Hudi: Large-Scale, Near Real-Time Pipelines at Uber - Databricks

Hudi: Large-Scale, Near Real-Time Pipelines at Uber

Download Slides

Uber has real needs to provide faster, fresher data to data consumers & products, running hundreds of thousands of analytical queries everyday. Uber engineers will share the design, architecture & use-cases of the second generation of ‘Hudi’, a self contained Apache Spark library to build large scale analytical datasets designed to serve such needs and beyond.

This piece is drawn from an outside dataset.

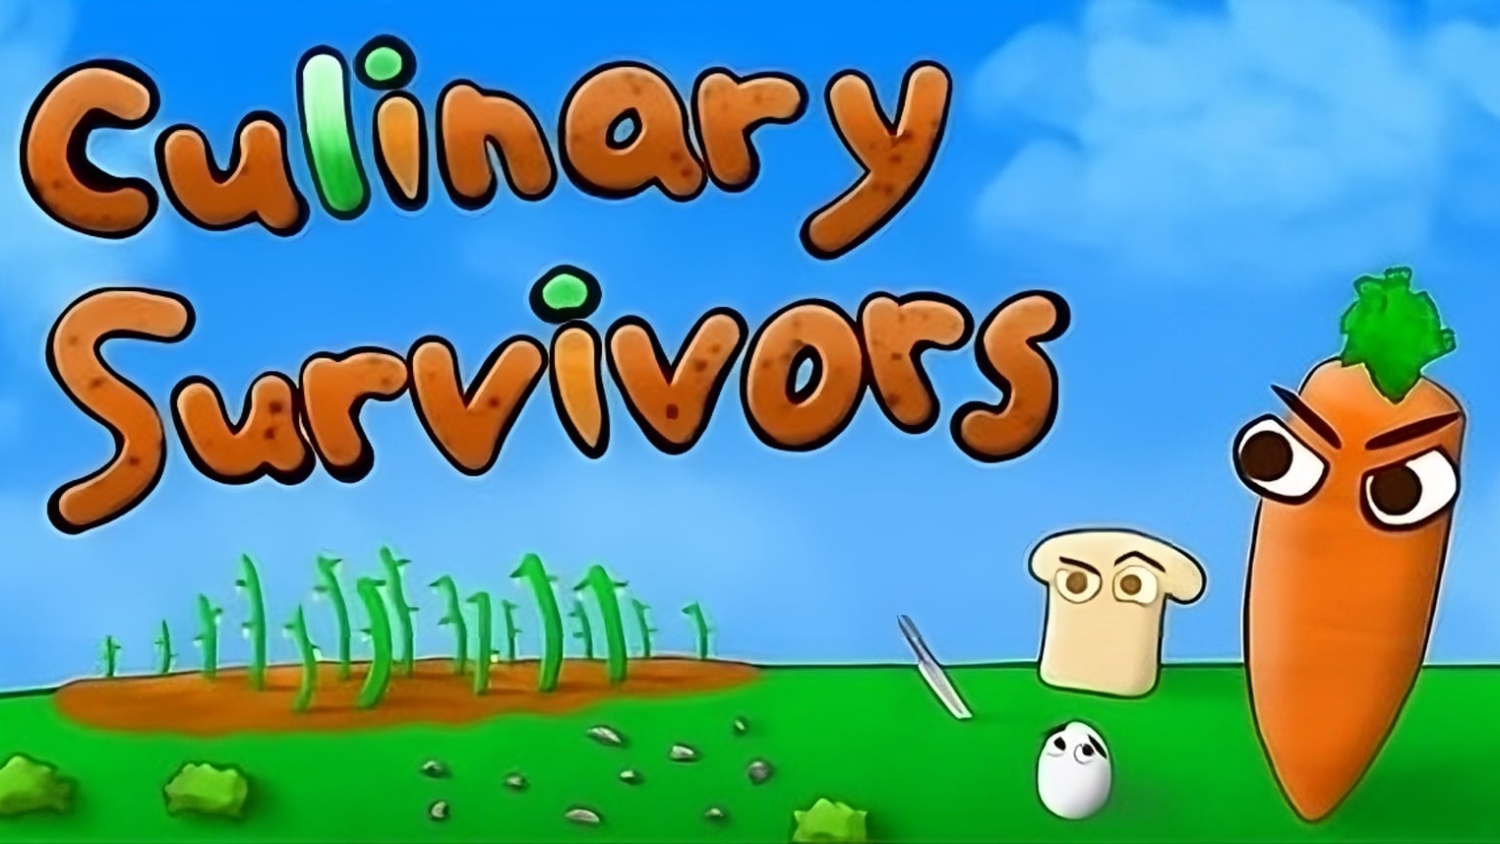 Is Culinary Survivors, Worth Playing?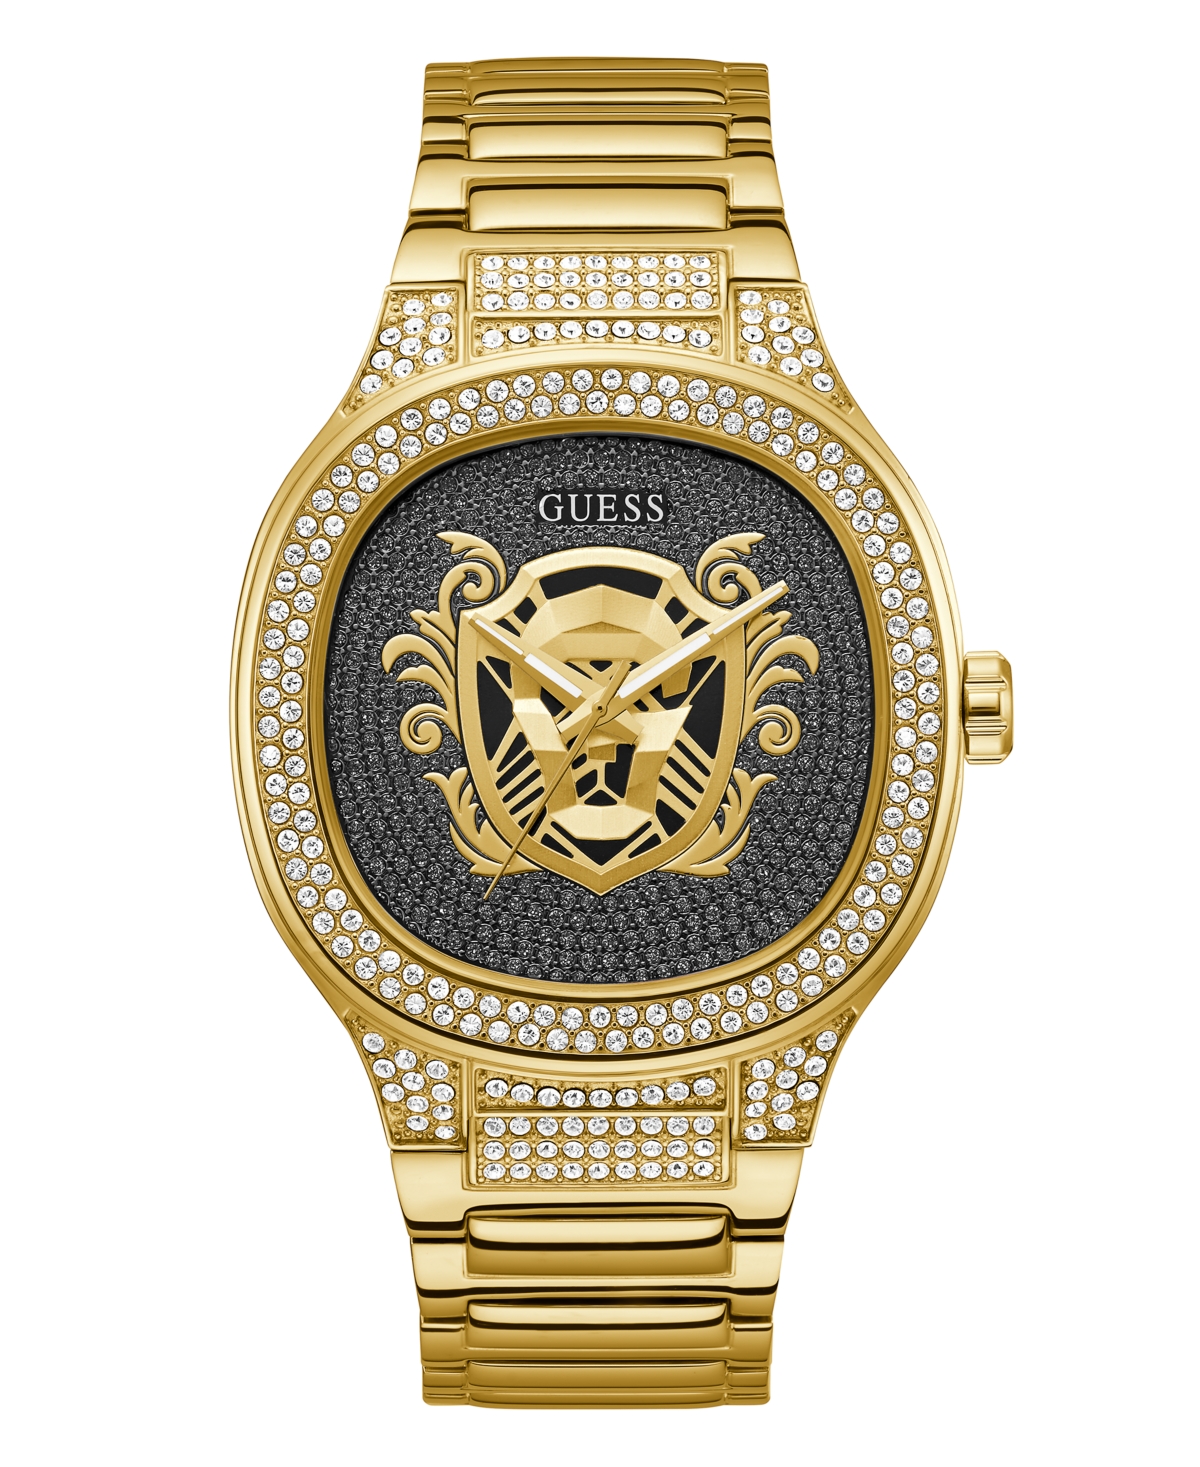 Guess Men's Analog Gold-tone Stainless Steel Watch 45mm In Gold Tone

Hudi (formerly Hoodie) is created to effectively manage petabytes of analytical data on distributed storage, while supporting fast ingestion & queries. In this talk, we will discuss how we leveraged Spark as a general purpose distributed execution engine to build Hudi, detailing tradeoffs & operational experience. We will also show to ingest data into Hudi using Spark Datasource/Streaming APIs and build Notebooks/Dashboards on top using Spark SQL. Head over here for more details : https://github.com/uber/hudi

Session hashtag: #SAISEco10

About Nishith Agarwal

Nishith is an early engineer of the data team at Uber, as well as an initial committer of "Hudi." He has a keen interest in unified architectures for data analytics and processing. In the past, he has built distributed data systems that leverage both batch and stream processing.

About Vinoth Chandar

Vinoth is the founding engineer/architect of the data team at Uber, as well as author of many data processing & querying systems at Uber, including "Hoodie". He has keen interest in unified architectures for data analytics and processing. Previously, Vinoth was the lead on Linkedin’s Voldemort key value store and has also worked on Oracle Database replication engine, HPC, and stream processing.